Regex is shorter and more scalable for more terms.

---

### 7. **Filter by Complex Patterns**
#### Task: Match rows containing phone numbers in the format `(123) 456-7890`.
- **Regex**:
  ```python
  df = pd.DataFrame({"contact": ["Call (123) 456-7890", "No phone here"]})
  filtered = df[df["contact"].str.contains(r"\(\d{3}\) \d{3}-\d{4}", regex=True)]
  print(filtered)
  ```
  Matches `Call (123) 456-7890`.

- **String Method**: Not feasible because of the complexity of the pattern.

---

### 8. **Remove Non-Alphanumeric Characters**
#### Task: Clean up text data by removing non-alphanumeric characters.
- **Regex**:
  ```python
  df = pd.DataFrame({"text": ["hello@world!", "python#rocks"]})
  df["cleaned"] = df["text"].str.replace(r"[^a-zA-Z0-9\s]", "", regex=True)
  print(df)
  ```
  Outputs `hello world` and `python rocks`.
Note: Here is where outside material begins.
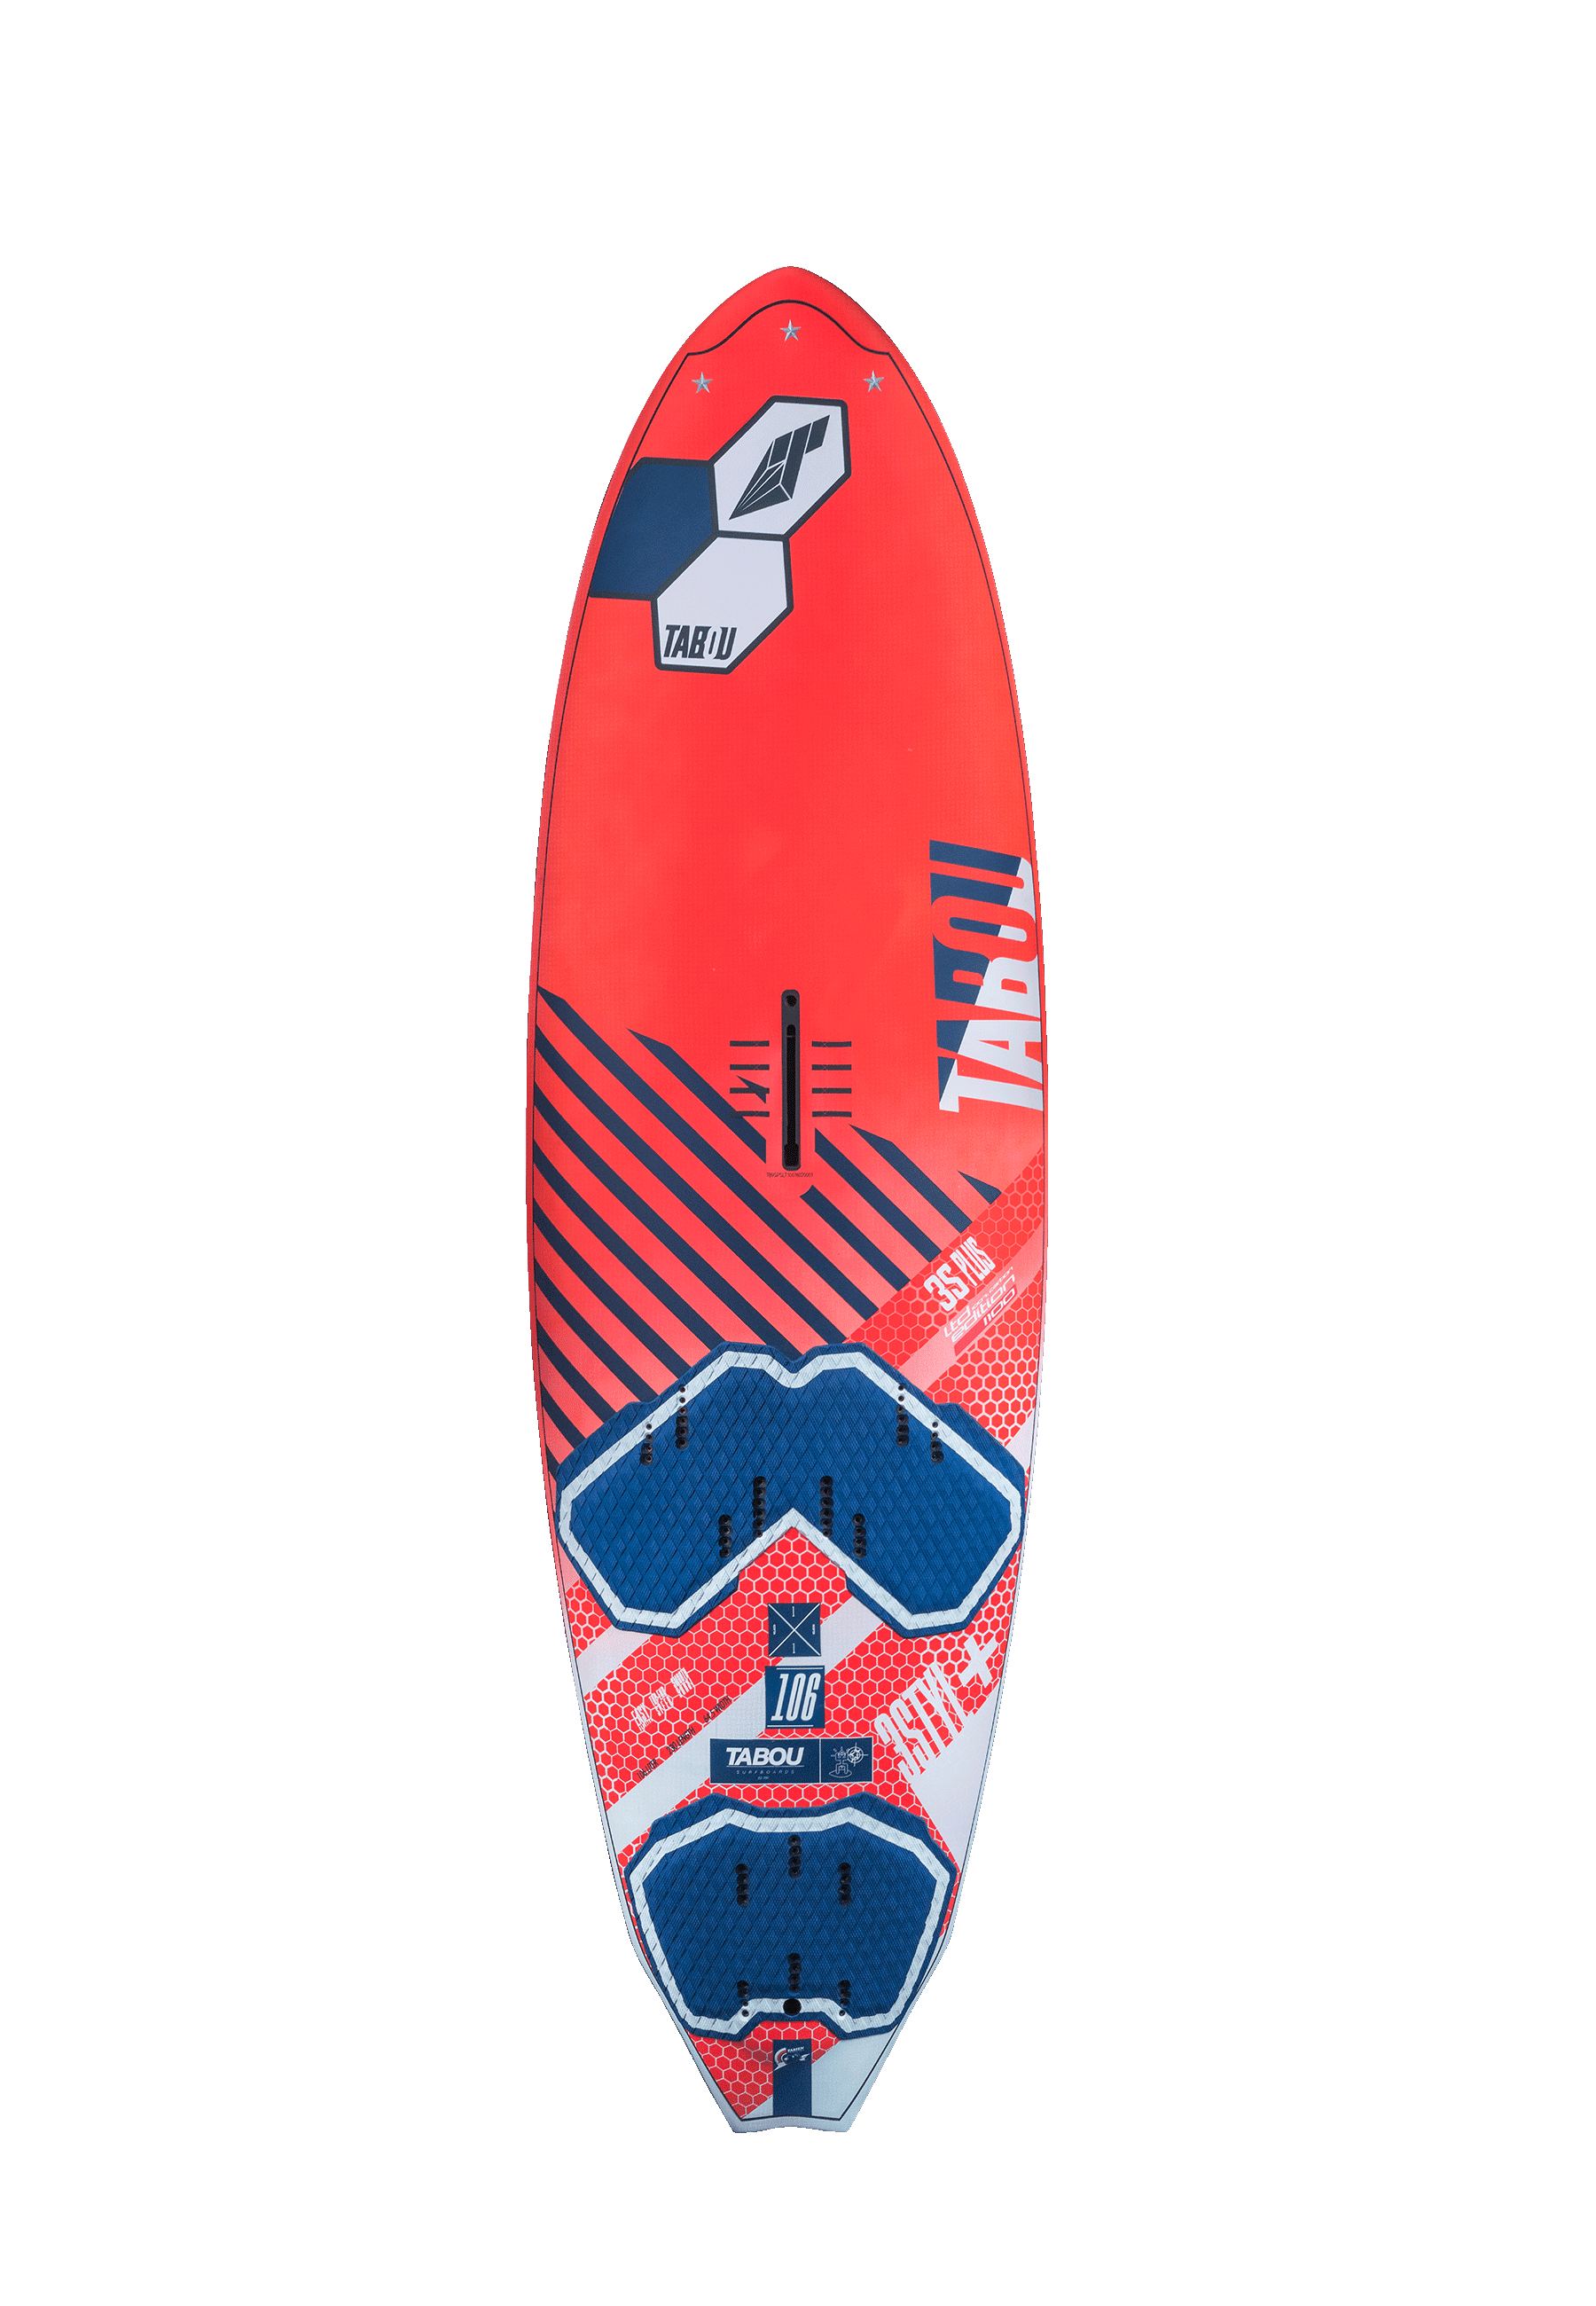 Tabou 3S plus LTD 2019

- **String Method**: Not feasible because it cannot identify non-alphanumeric characters without regex.

---

### 9. **Filter Rows Without a Specific Pattern**
#### Task: Exclude rows containing numbers.
- **Regex**:
  ```python
  df = pd.DataFrame({"text": ["abc123", "hello", "456"]})
  filtered = df[~df["text"].str.contains(r"\d", regex=True)]
  print(filtered)
  ```
  Matches `hello`.

- **String Method**: Not feasible without manually checking each digit.

---

### 10. **Extract Numbers**
#### Task: Extract numbers from strings.
- **Regex**:
  ```python
  df = pd.DataFrame({"text": ["abc123", "no number", "45 apples"]})
  df["numbers"] = df["text"].str.extract(r"(\d+)")
  print(df)
  ```
  Extracts `123` and `45`.

- **String Method**: Not feasible for flexible patterns like extracting only numbers.

---

### Summary Table

| **Task**                        | **Regex**                                | **String Methods**                       |
|----------------------------------|------------------------------------------|------------------------------------------|
| Find specific word               | `\berror\b`                              | `contains("error")`                      |
| Match rows with digits           | `\d`                                     | Needs manual digit checks                |
| Extract domain                   | `@([A-Za-z0-9.-]+)`                      | `split("@").str[1]`                      |
| Rows starting/ending pattern     | `^temp|\.csv$`                           | `startswith()`/`endswith()`              |
| Match date patterns              | `\b\d{4}-\d{2}-\d{2}\b`                 | Not feasible                             |
| Match multiple substrings        | `apple|banana`                           | Chain multiple `contains()`              |
| Match phone numbers              | `\(\d{3}\) \d{3}-\d{4}`                 | Not feasible                             |
| Remove non-alphanumeric          | `[^a-zA-Z0-9\s]`                         | Not feasible                             |
| Exclude by pattern               | `~contains(r"\d", regex=True)`           | Not feasible                             |
| Extract numbers                  | `(\d+)`                                  | Not feasible                             |

---

Regex is far more versatile and powerful for complex text filtering and pattern recognition, while string methods are simpler and faster for basic tasks.